The test groups themselves can be found in wiki-sem-500.tar.gz
(wiki-sem-500-tokenized.tar.gz
is pre-tokenized). The structure of the archive is as follows:
wiki-sem-500
├── de
│ ├── Q101352.txt
│ ├── Q105000.txt
│ ├── Q1061151.txt
│ ├── Q1065118.txt
│ ...
├── en
│ ├── Q101352.txt
│ ...
├── es
│ ├── Q101352.txt
│ ...
├── ja
│ ├── Q101352.txt
│ ...
├── zh
│ ├── Q101352.txt
│ ...
Note that while many classes are available in multiple languages, there are many that are not.

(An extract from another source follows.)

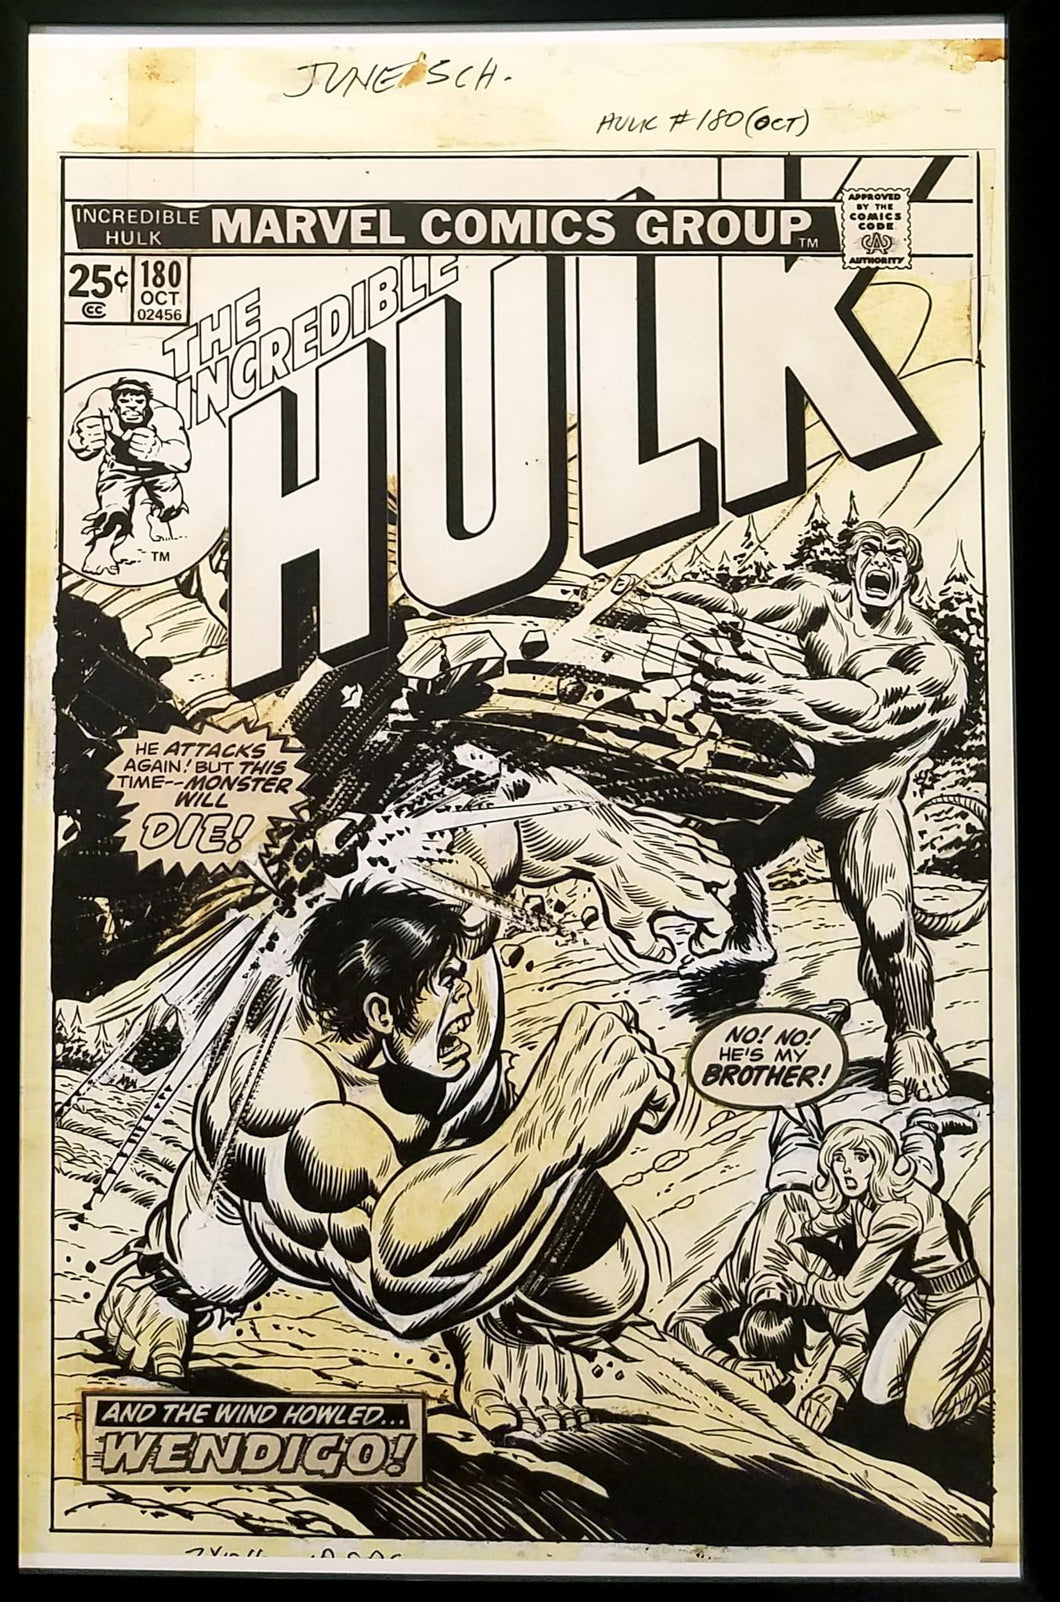 Incredible Hulk #180 by Herb Trimpe 11x17 FRAMED Original Art Poster Marvel Comics
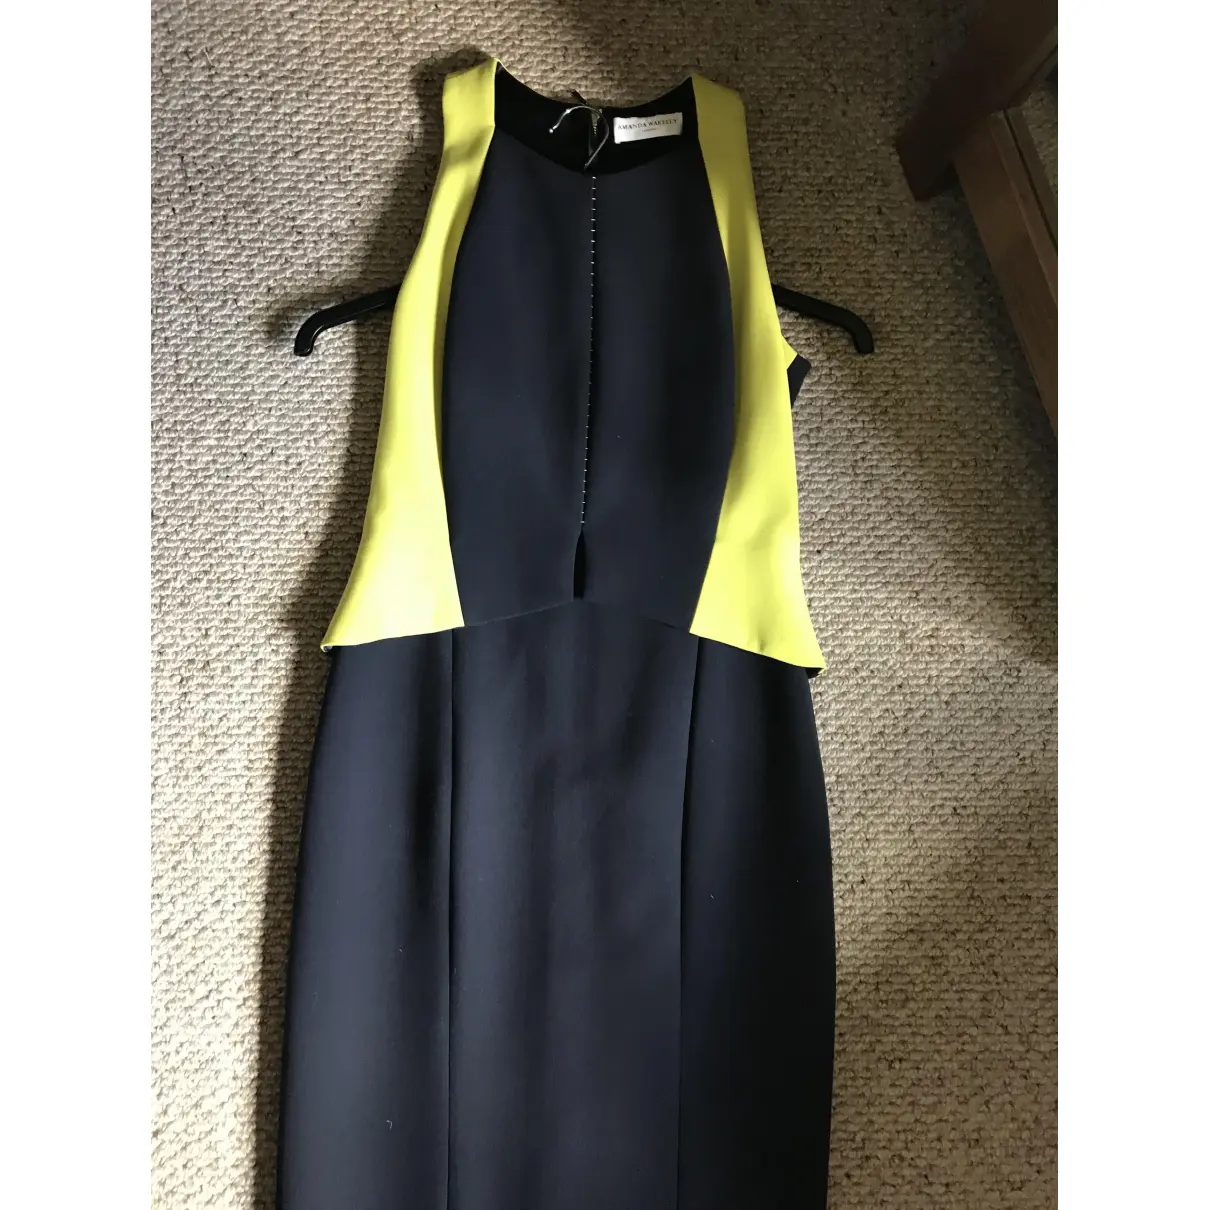 Buy Amanda Wakeley Maxi dress online

Each file contains a cluster, followed by a sequence of one or more outliers:
$ cat en/Q1060829.txt
Madison_Square_Garden
Walt_Disney_Concert_Hall
Olympia
Kodak_Theatre
Carnegie_Hall
Auditorio_de_Tenerife
Royal_Albert_Hall
Palau_de_la_Música_Catalana
CBGB
Buena_Vista_Social_Club
Arena_di_Verona
Barbican_Centre
RMS
HMHS
To run the evaluation script, navigate to this directory in a virtualenv
and run install_dependencies.py
. The embeddings are driven by a partial
fork of polyglot
.
Once the dependencies are installed, unpack the tokenized dataset at a location
of your choice (say, dataset/
). A word2vec binary embedding can then be evaluated as
follows:
(venv2) $ ./evaluate.py -w2v vectors.bin -d dataset/en -b
GloVe and Gensim embeddings are also supported. Here is the full help message for
evaluate.py
:
usage: evaluate.py [-h] (-w2v WORD2VEC | -gv GLOVE | -gs GENSIM) -d DATASET
[-b] [-p] [-goog] [-ci CASE_INSENSITIVE]
Scoring script for outlier detection
optional arguments:
-h, --help show this help message and exit
-w2v WORD2VEC, --word2vec WORD2VEC
Specify word2vec embedding file
-gv GLOVE, --glove GLOVE
Specify GloVe embedding file
-gs GENSIM, --gensim GENSIM
Specify Gensim embedding file
-d DATASET, --dataset DATASET
Path to outlier dataset
-b, --binary Indicates that the embedding file is binary (ignored
for GloVe files)
-p, --phrases Indicates that the embedding file supports phrases
-goog, --google-news Indicates that the embeddings have been normalized in
the same fashion as the Google News word2vec
embeddings
-ci CASE_INSENSITIVE, --case-insensitive CASE_INSENSITIVE
Indicates whether the embeddings are all lowercased